Ban dogs from the beach?




The agenda for Tuesday’s meeting of the Board of County Commissioners was a long one and included key items regarding economic development, road abandonment and historic preservation.

So, it was little surprise that the Don Butler Commission Meeting Room was packed, standing-room-only, spilling out in the hallway, as full as it has been in months.

A little more than two hours into what became a four-hour marathon, it became clear that the vast majority of folks in attendance were there for action that was never broached by commissioners.

Dwayne Piergiovanni, a resident and businessman in South Gulf County, sought to press commissioners to increase enforcement of the county’s leash laws.

By the time the meeting rolled around, that plea had been conflated online and social media into an attempt to ban dogs from the beach.

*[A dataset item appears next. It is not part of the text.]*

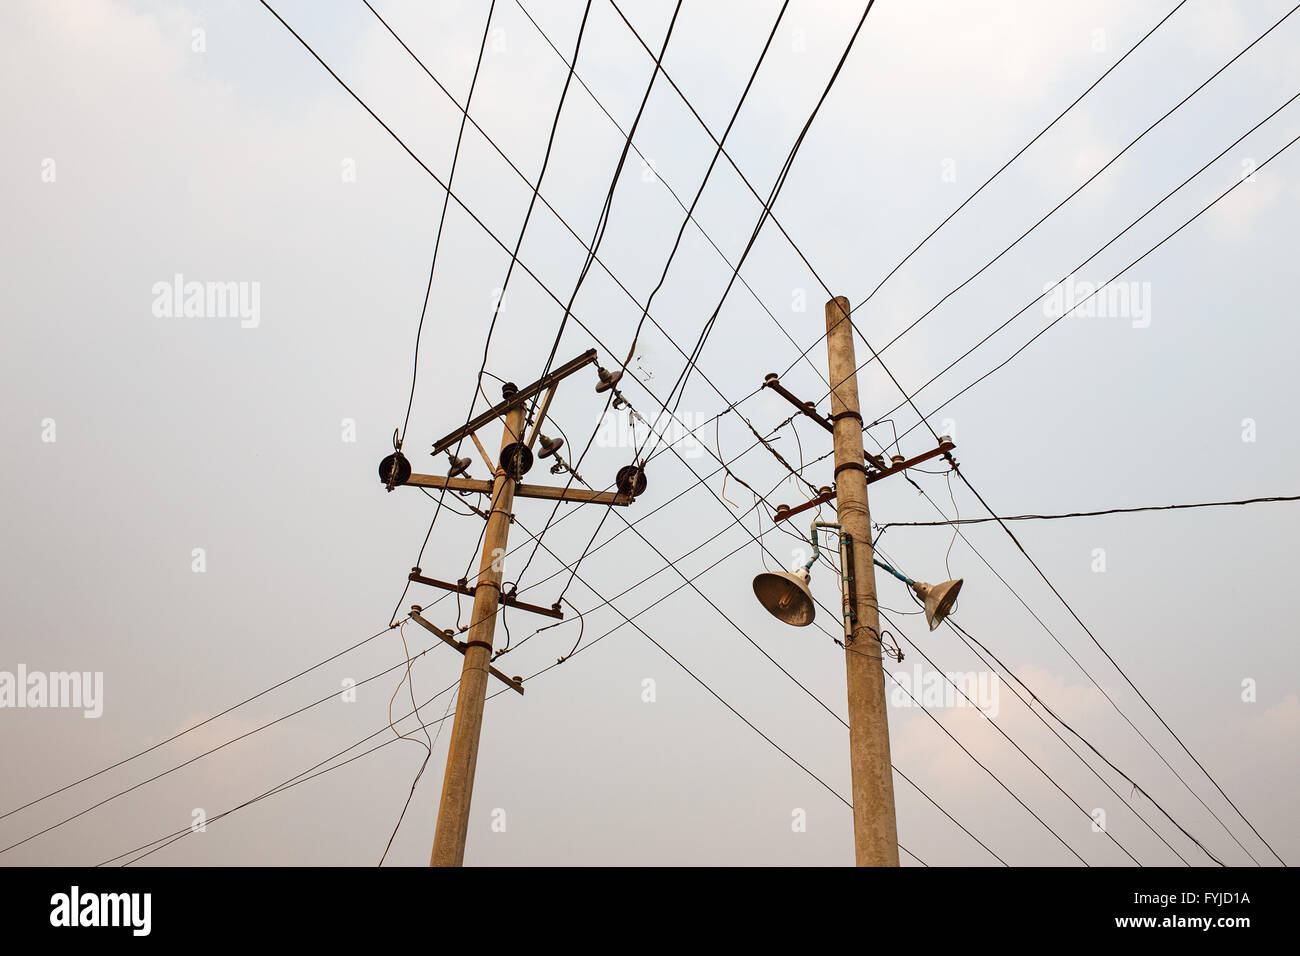 Electricity powerlines in Lashio, Myanmar. Stock Photo

And in this pet-friendly county, those were clearly tussling words.

Piergiovanni, with a power point presentation, said the incidence of unleashed nuisance dogs, either those soiling the beaches or jumping at or attacking others, were on the rise.

Too many people were not cleaning up after their dogs, he said, and too many were ignoring the county’s ordinance that requires all dogs to be leashed or otherwise under the control of their owners.

Piergiovanni offered several options for bolstering funding for enforcement of the leash laws and suggested the Gulf County Tourist Development Council should be more circumspect in how the pet-friendly beaches are marketed.

“We do have a leash law and the majority of people abide by it,” said Commissioner Phil McCroan to loud applause. “We are never going to get 100 percent (compliance), but the majority of people do the right thing.”

With one animal control officer and constrained funding, McCroan said, the county is doing the best it can to address any issues.

Kelli Godwin, TDC executive director, added that the county consistently ranks at the top of lists of pet-friendly destinations and that the TDC emphasizes the leash laws when dealing with visitors.

Resident Kim Miller suggested additional signage and cleaning stations along the beach would at least be a start.

The question of outlawing dogs from the beach never arose.

And, while the vast majority in attendance exited the meeting after the discussion, satisfied, several walked up to Piergiovanni and thanked him for raising the subject, no matter the blowback from the majority in the room.

Wewahitchka courthouse

The county is moving ahead with conveying the historic Wewahitchka Courthouse to North Florida Child Development, adding proviso language that would allow the conveyance to include a foundation formed by local pioneer families in order to pursue historic preservation efforts and grant funding.

Road abandonment

Commissioners halted any action to abandon Miscogee or Rish Harbor roads on the north end of the county.

The request to abandon had come from Deseret, but due to the presence of two historic cemeteries and another historical site, those two roads will remain county roads.

As part of an overall transaction with Deseret pertaining to other roads abandoned by the county, the county this week took formal possession of the Odena Boat landing and access road.

The conveyance will allow the county to pursue improvements to the landing.

Waste Pro amnesty day

Waste Pro will hold its annual Amnesty Day, during which people may dispose of items such as batteries, paint, oil and other items, the last Saturday in April at the Five Points Transfer Station.

County administrator Don Butler said the company was targeting that Saturday as the static date for the annual event.